Lambert argues that machines, instead of liberating us from repetitive and menial tasks, have actually increased the amount of shadow work we do. We pump our own gas, squeegee our own windows, bag our own groceries, plan and book our own travel arrangements. Chores that we now perform for ourselves, often with the help of technology, were once done by human beings who got paid for it. At our jobs, support staff  like secretaries and clerks have been reduced, their tasks—typing, copying, mailing, sorting email—added to remaining employees’ other responsibilities. “Even those in senior management perform these humdrum jobs,” Lambert writes.


Doctors say patients complain of fatigue, Lambert notes. “Much of this fatigue may result from the steady, surreptitious accumulation of shadow work in modern life,” he writes. “People are simply doing a huge number of tasks that were once done for them by others.”


I’ll leave it to economists to figure out whether Lambert is right, whether technology has produced a net increase or decrease in shadow work. Obviously, technology has streamlined many unpaid tasks: washing dishes, looking up information, shopping for certain items.


What most interests me is the timely point tucked within Lambert’s piece. More people are questioning, thanks in part to the Occupy Wall Street movement, why so many Americans are struggling while a tiny minority rakes in phenomenal wealth.

Lambert’s thesis provides one explanation for that phenomenon. But he steers around that point, blaming not CEOs but the machines themselves. “The robots have won,” he announces. “The robots are in charge now, pushing a thousand routine tasks onto each of our backs.”
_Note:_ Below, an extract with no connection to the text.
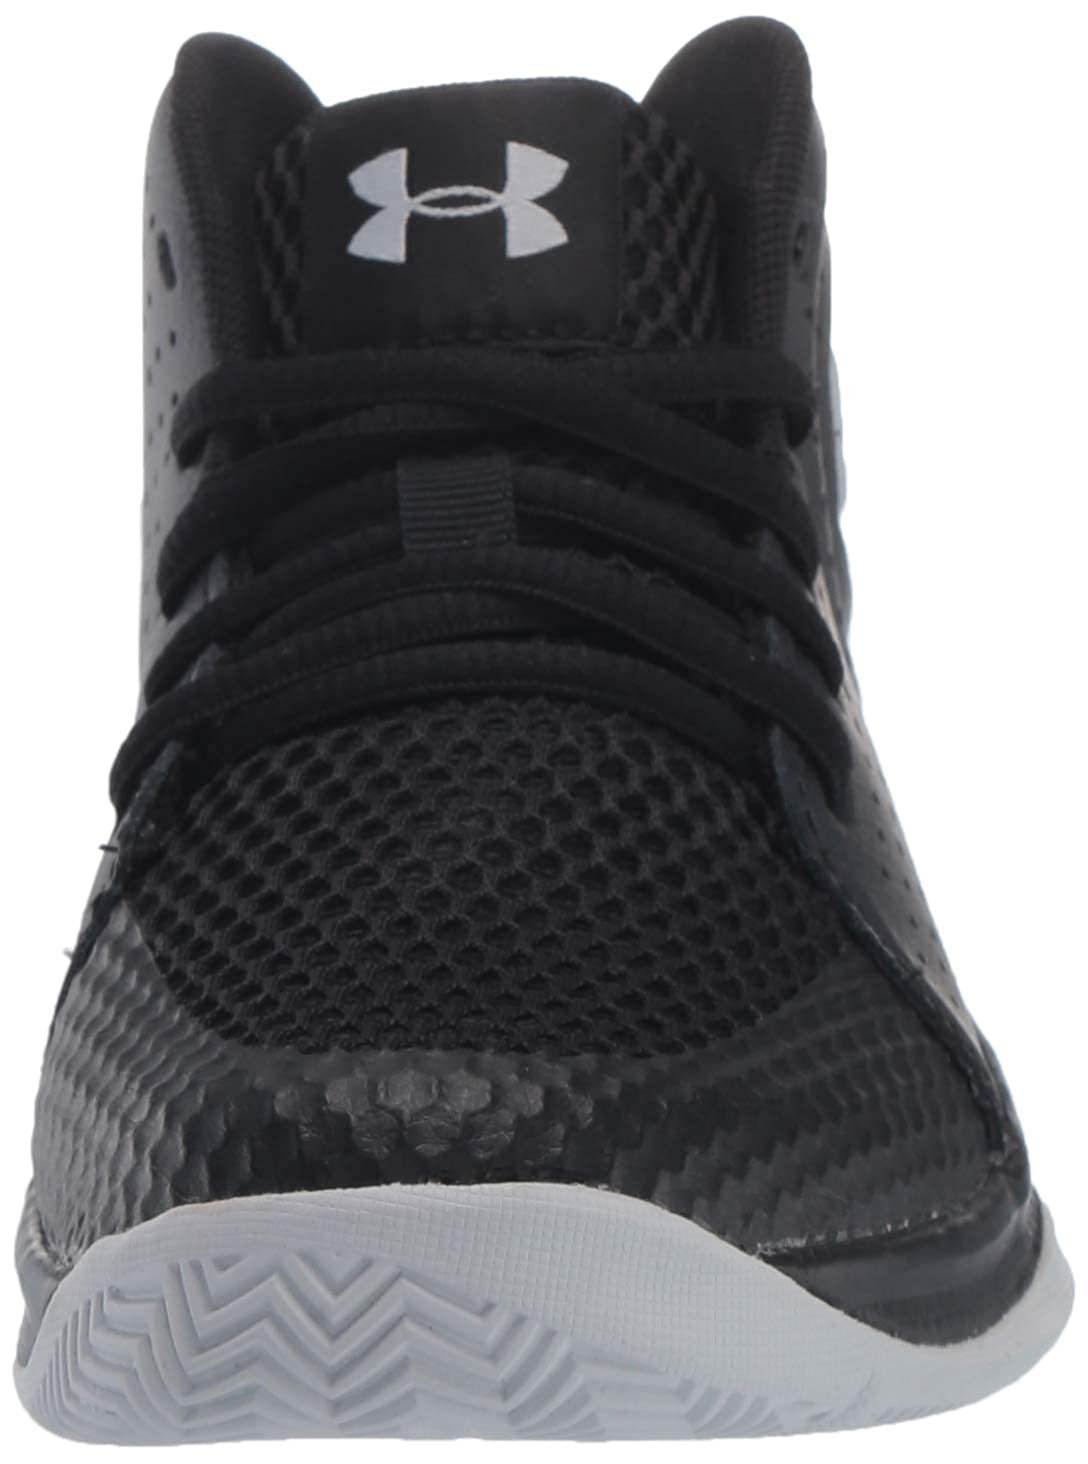 Zapatos de Baloncesto Unisex Ni/ños Under Armour UA GS Jet 2019

But of course, robots aren’t the ones forcing humans to do extra work. Robots, who will gladly work for free, don’t benefit from the arrangement. Robots aren’t lighting cigars with $100 bills. That would be, at least theoretically, the people who profit from the robots’ work. Of course, not all business owners are thriving financially, not even those who have replaced employees with machines. But whatever financial savings are being seen—in salaries, health insurance and so on—isn’t going to the machines, let alone the people taking on extra shadow work.


Meanwhile, there’s one important category of shadow work that Lambert doesn’t mention at all—understandably, since it’s not central to his point—but that is relevant to this blog: caregiving. Technology, as far as I can tell, neither dramatically reduces nor increases the work of caring for children, the old and the sick. But some research indicates that parents, especially mothers, are spending more time than ever on childcare.
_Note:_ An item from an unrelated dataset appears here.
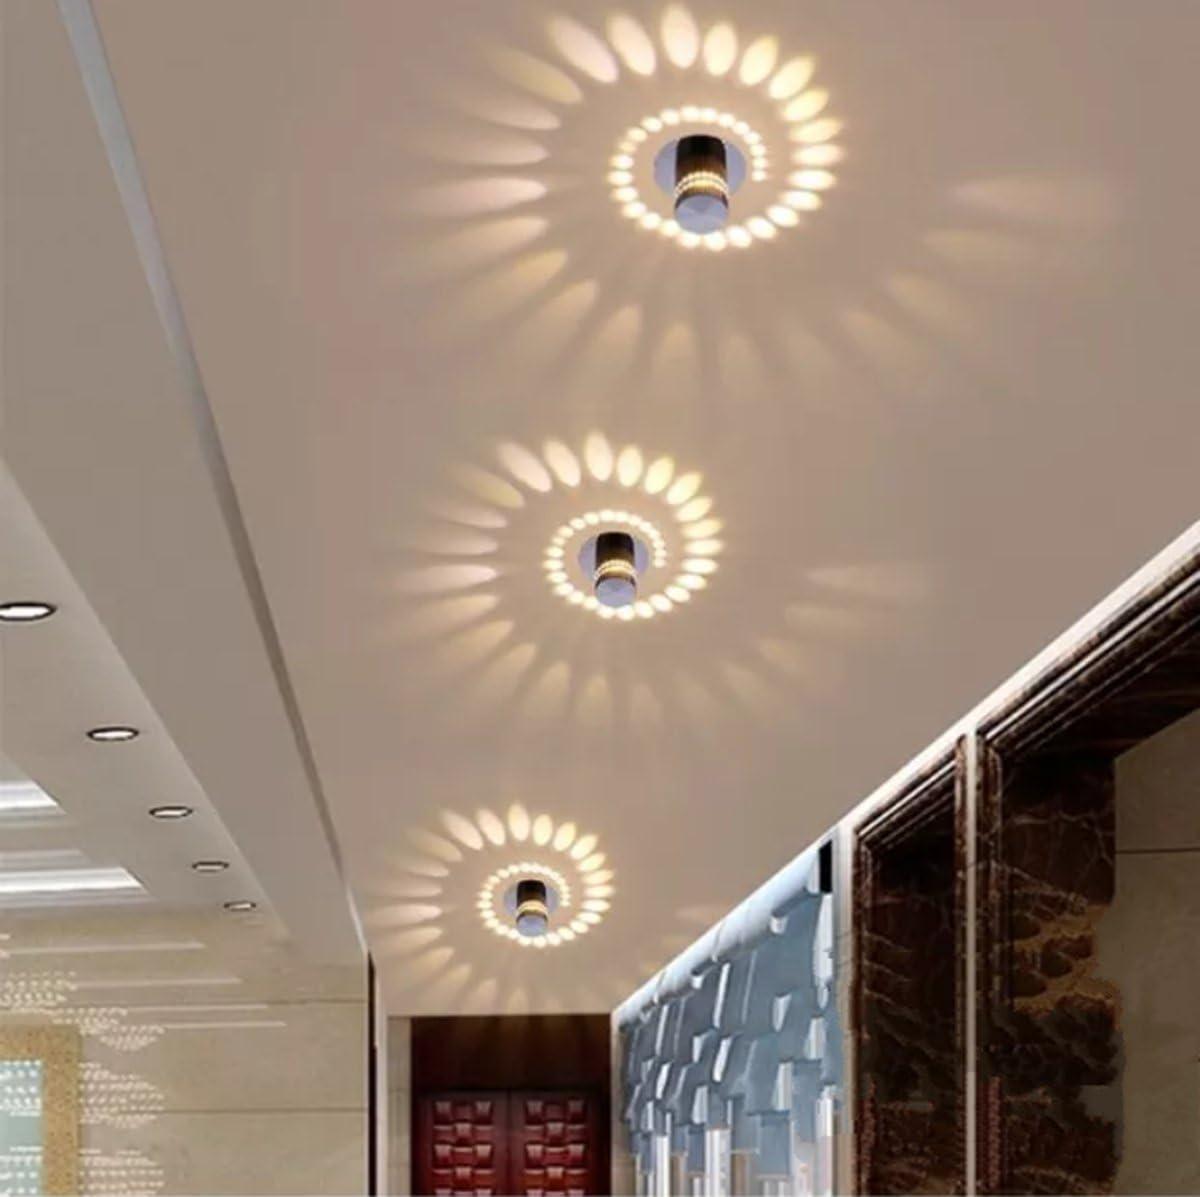 Interior Ceiling Light Ceiling Spot For Hallway Bedroom Living Room Bathroom Stairs Corridor Warm White Amazon Co Uk Lighting

As the New York Times reported last year:

Before 1995, mothers spent an average of about 12 hours a week attending to the needs of their children. By 2007, that number had risen to 21.2 hours a week for college-educated women and 15.9 hours for those with less education.

Although mothers still do most of the parenting, fathers also registered striking gains: to 9.6 hours a week for college-educated men, more than double the pre-1995 rate of 4.5 hours; and to 6.8 hours for other men, up from 3.7, according to an additional analysis by Betsey Stevenson and Dan Sacks, economists at the Wharton School of the University of Pennsylvania.


It stands to reason that, as our population ages, we’ll be spending more time caring for our elders, too.

Unpaid caregiving represents a big chunk of shadow work, and it still falls disproportionately on women. If Lambert is right, it helps explain why we’re feeling so overwhelmed. We’re juggling paid work, plus more of the traditional shadow work than we performed in the past, plus new high-tech forms of shadow work.

Now, if you’ll excuse me, I have some shadow work to do in the kitchen.